= WORK ITEM =
Reproduce the listing below in full and without alteration, apart from its pictures.

(Beginning of INFORMATION SUPPLIED)

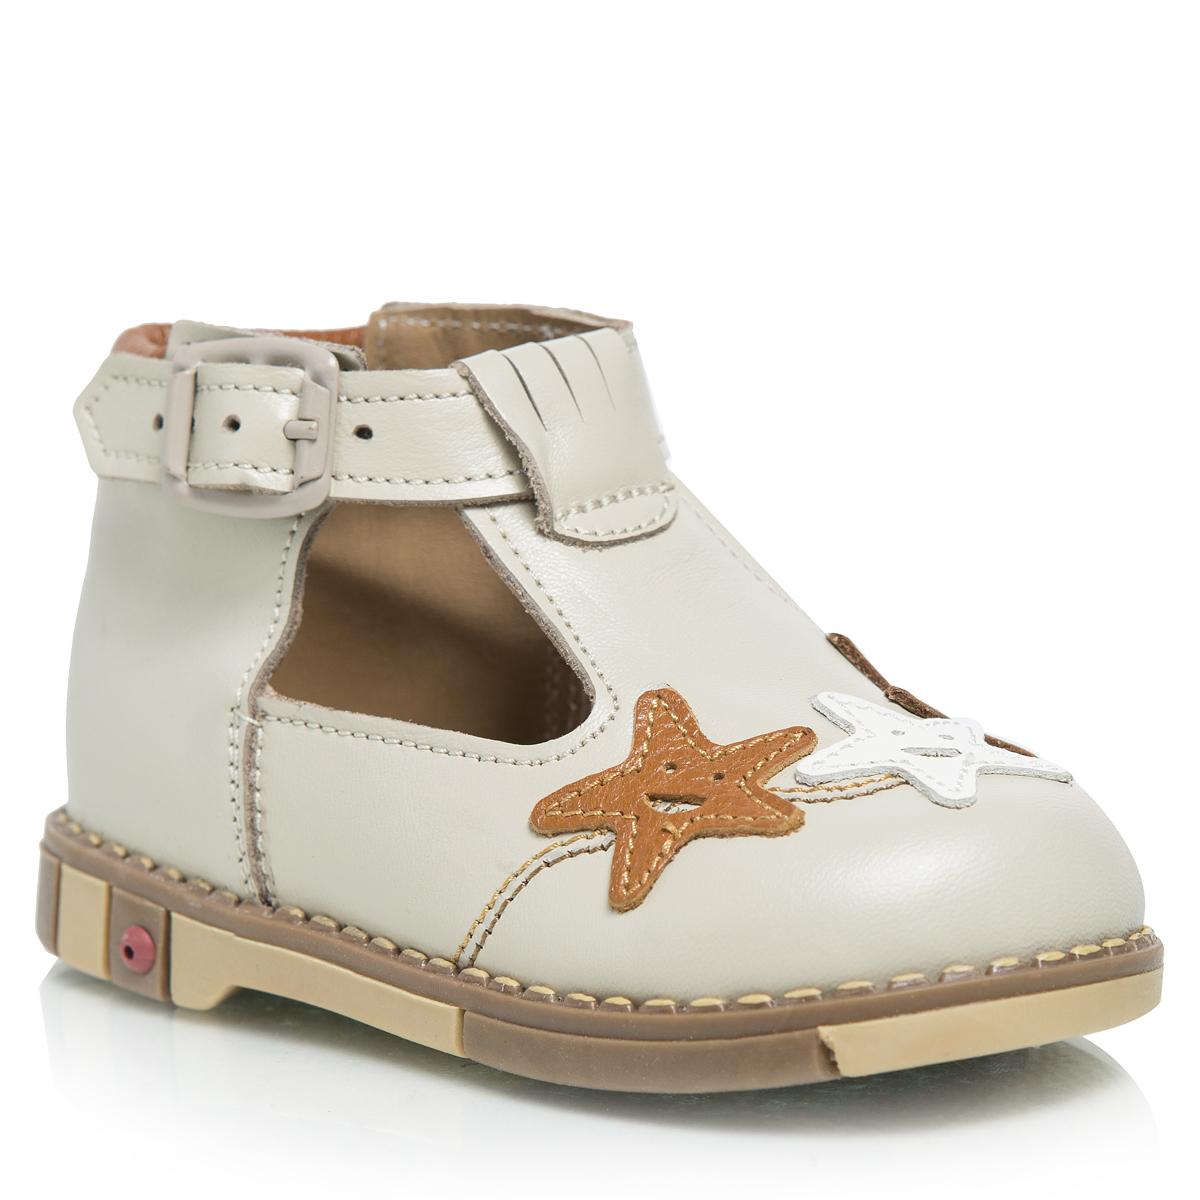 Туфли детские. 226-04226-04Очаровательные детские туфли Таши Орто займут достойное место в гардеробе вашего ребенка. Модель выполнена из натуральной кожи. Ремешок на застежке-пряжке помогает оптимально подогнать полноту обуви по ноге и гарантирует надежную фиксацию. Подъем изделия декорирован нашивками в форме звезды с улыбкой. Литая анатомическая стелька из натуральной кожи со сводоподдерживающим элементом и латексным покрытием, не продавливающаяся во время носки, обеспечивает правильное формирование стопы. Благодаря использованию современных внутренних материалов позволяет оптимально распределить нагрузку по всей площади стопы, дает ножке ощущение мягкости и комфорта. Мягкая верхняя часть, которая плотно прилегает к ножке, и подкладка, изготовленная из натуральной кожи, позволяют избежать натирания. Полужесткий задник фиксирует ножку ребенка, не давая ей смещаться из стороны в сторону и назад. Широкий, устойчивый каблук, специальной конфигурации каблук Томаса, продлен с внутренней стороны до...
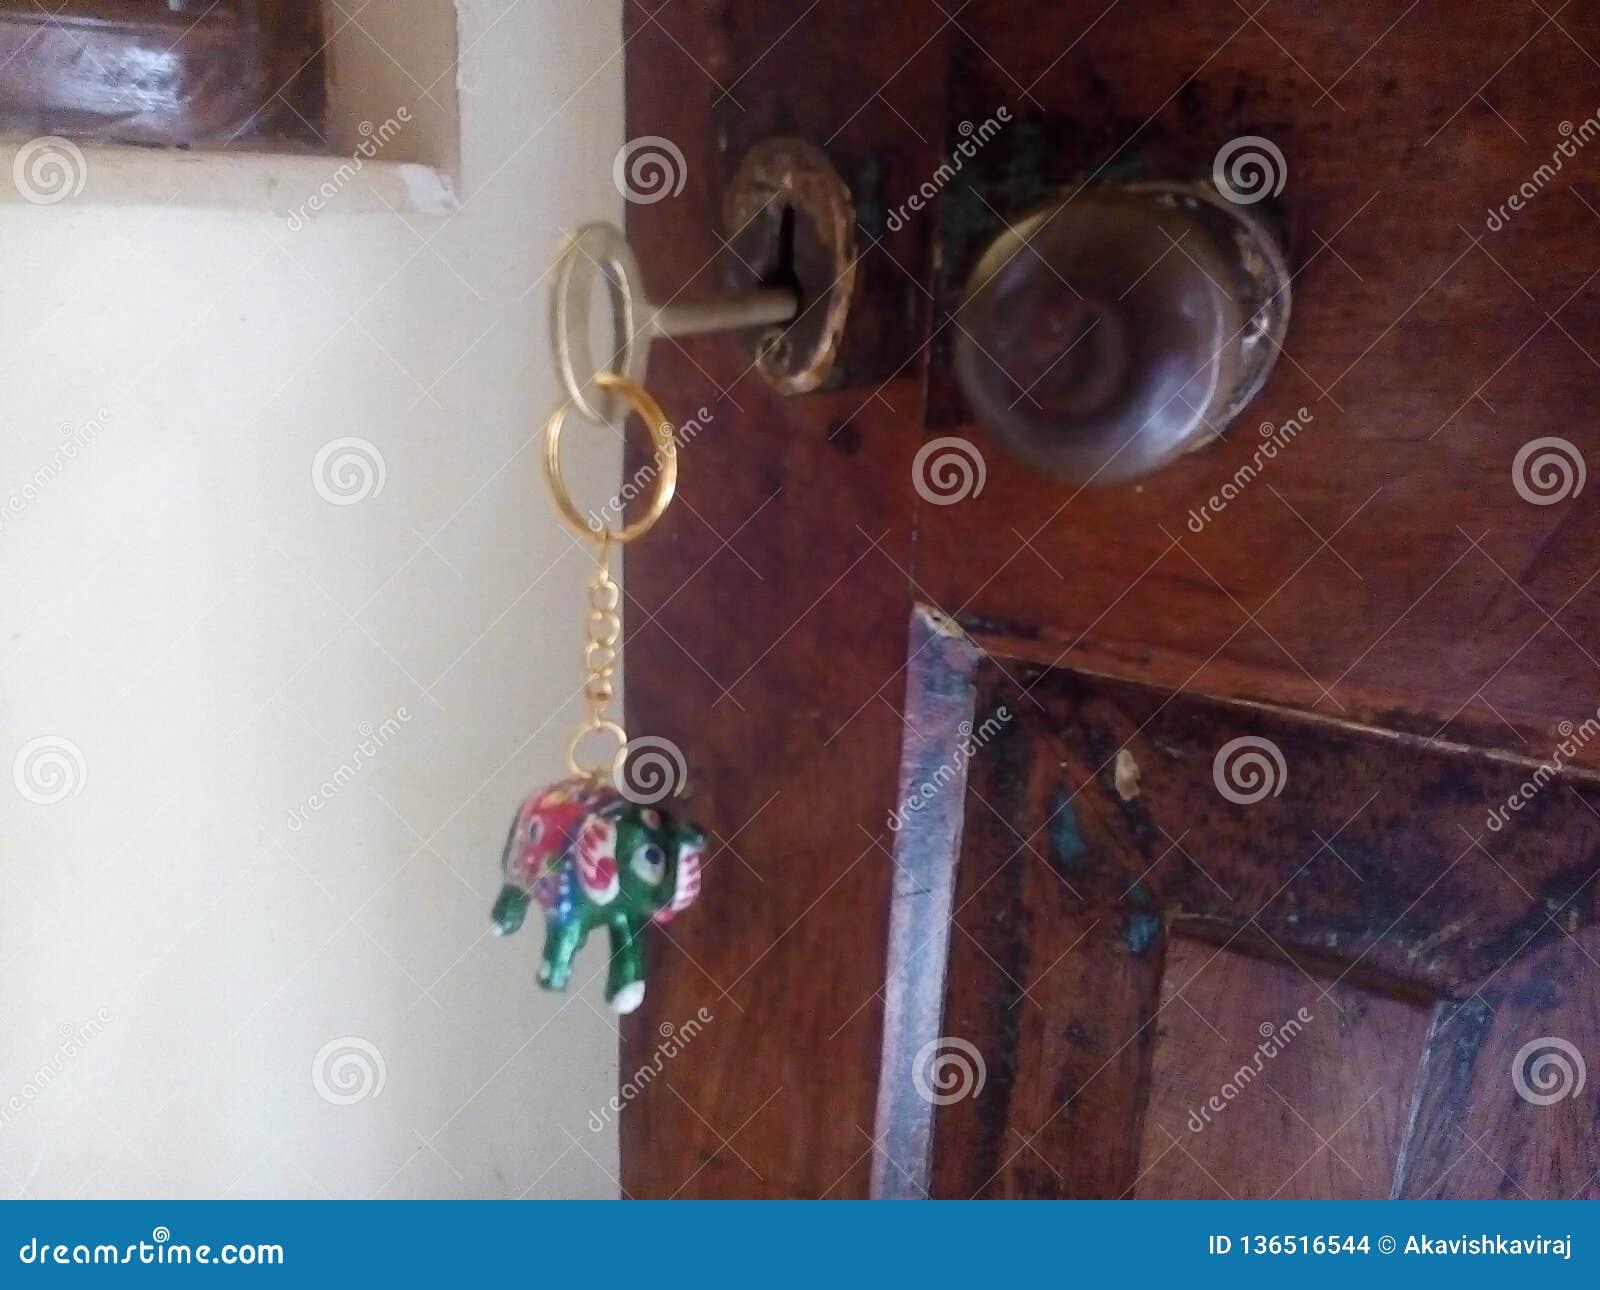 Brasswares maravilhosos e bonitos com etiqueta chave
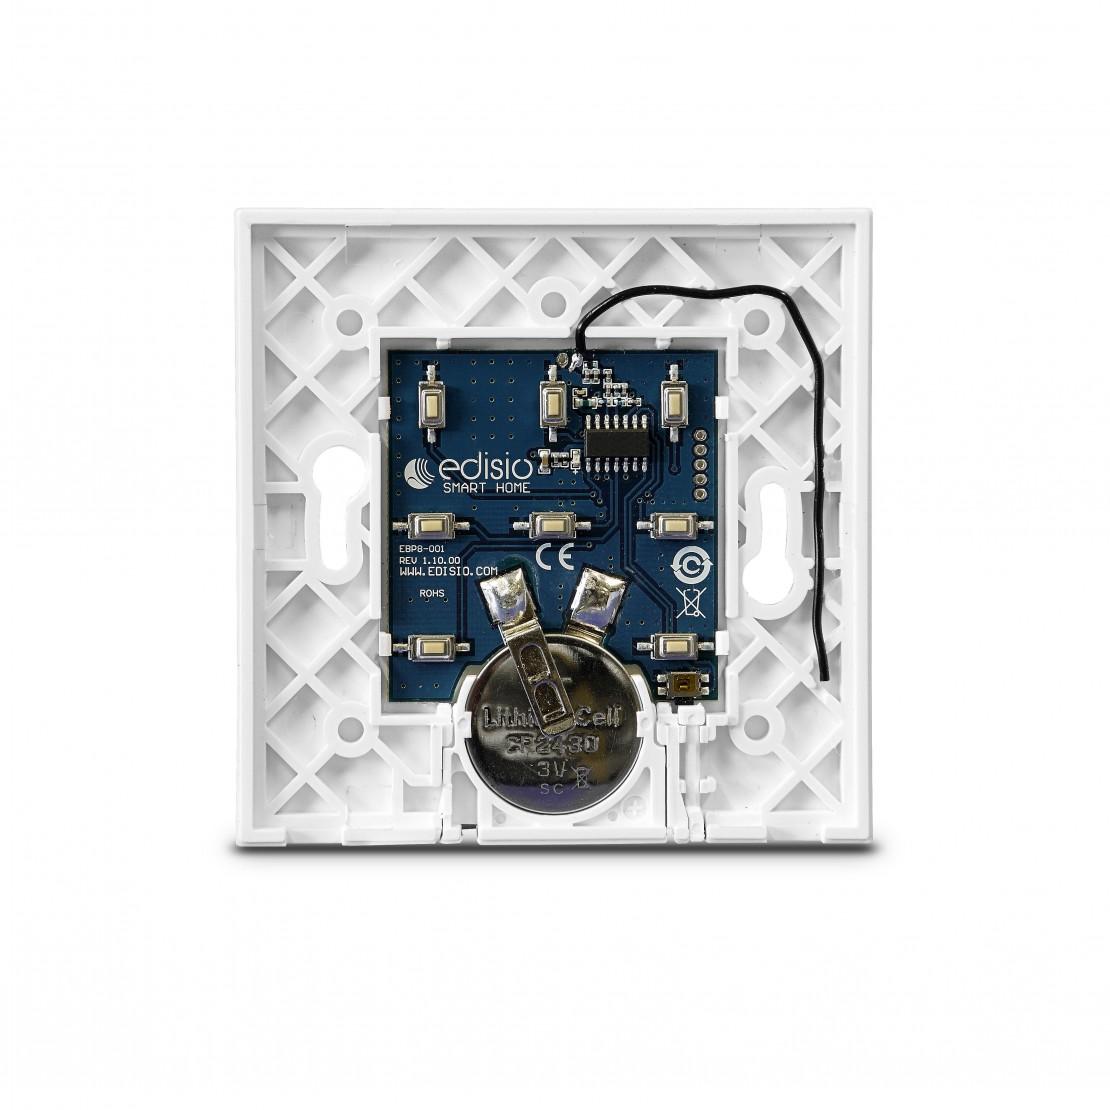 Base blanche pour interrupteur Edisio (1 à 5 canux)
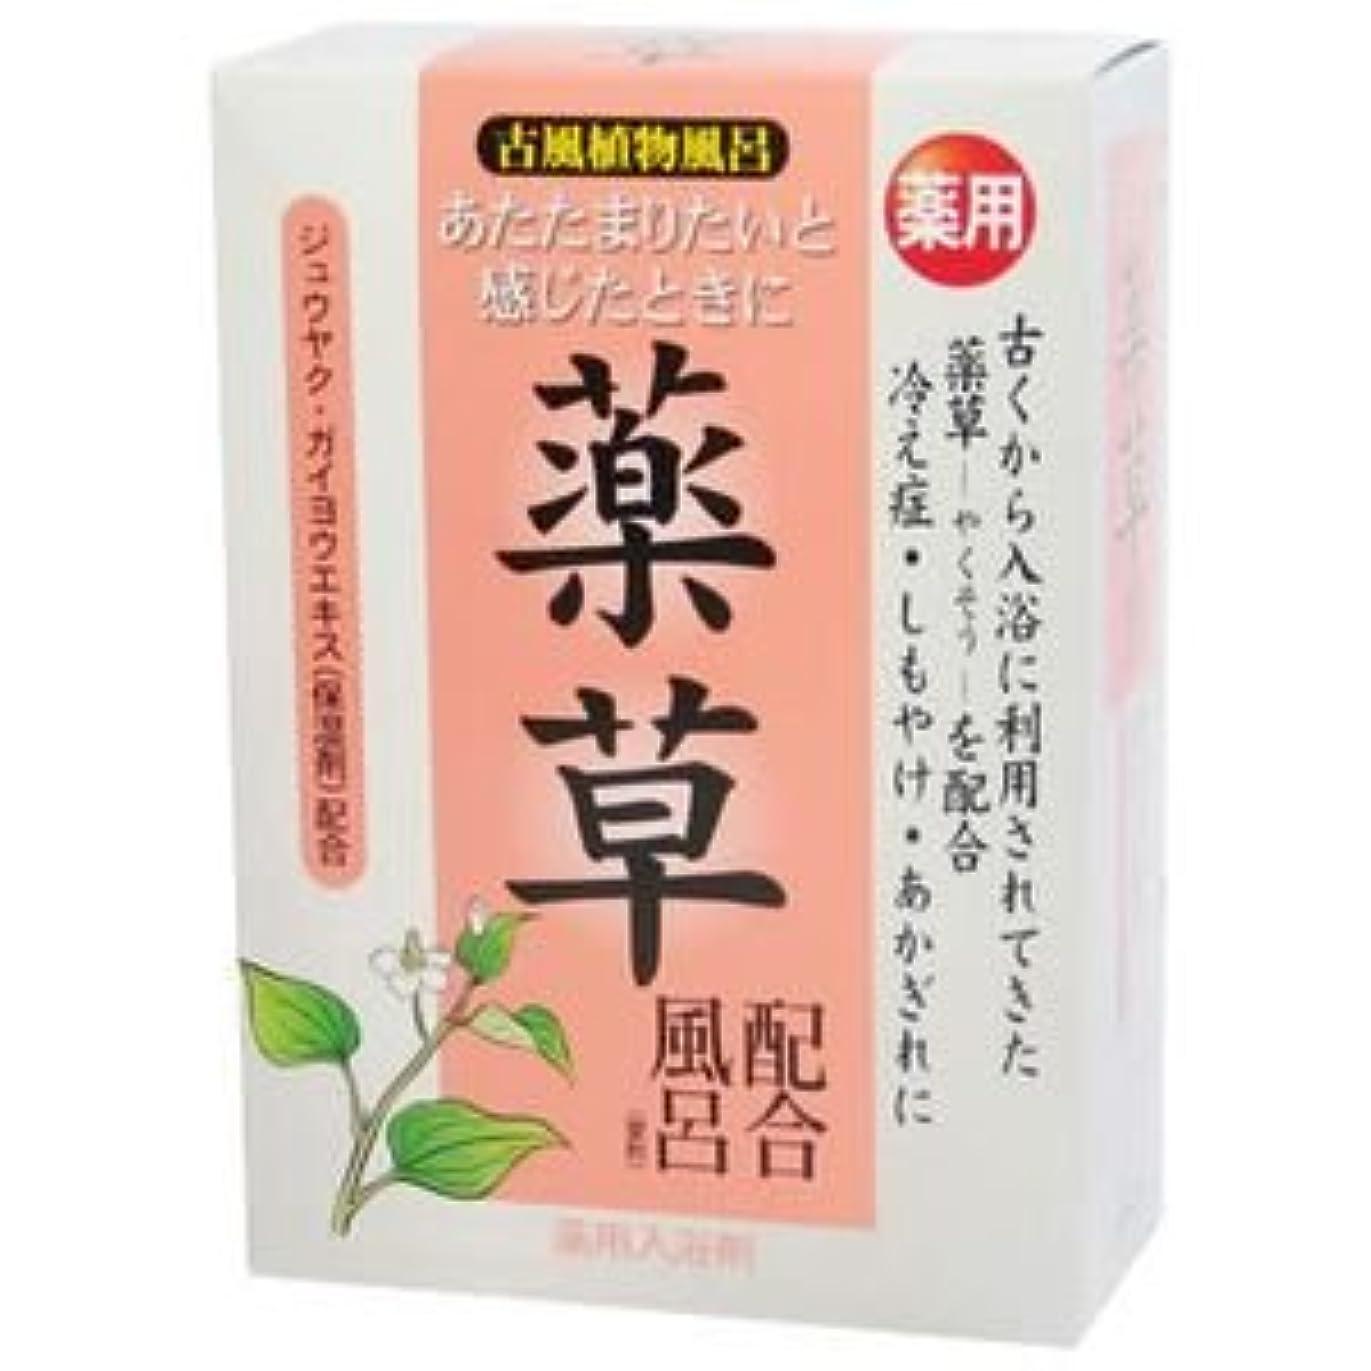 チャンスオーロック部分的に古風植物風呂 薬草配合風呂 25g*5包

(End of INFORMATION SUPPLIED)

= FINISHED EXERCISE =
 Туфли детские. 226-04226-04Очаровательные детские туфли Таши Орто займут достойное место в гардеробе вашего ребенка. Модель выполнена из натуральной кожи. Ремешок на застежке-пряжке помогает оптимально подогнать полноту обуви по ноге и гарантирует надежную фиксацию. Подъем изделия декорирован нашивками в форме звезды с улыбкой. Литая анатомическая стелька из натуральной кожи со сводоподдерживающим элементом и латексным покрытием, не продавливающаяся во время носки, обеспечивает правильное формирование стопы. Благодаря использованию современных внутренних материалов позволяет оптимально распределить нагрузку по всей площади стопы, дает ножке ощущение мягкости и комфорта. Мягкая верхняя часть, которая плотно прилегает к ножке, и подкладка, изготовленная из натуральной кожи, позволяют избежать натирания. Полужесткий задник фиксирует ножку ребенка, не давая ей смещаться из стороны в сторону и назад. Широкий, устойчивый каблук, специальной конфигурации каблук Томаса, продлен с внутренней стороны до...
 Brasswares maravilhosos e bonitos com etiqueta chave
 Base blanche pour interrupteur Edisio (1 à 5 canux)
 チャンスオーロック部分的に古風植物風呂 薬草配合風呂 25g*5包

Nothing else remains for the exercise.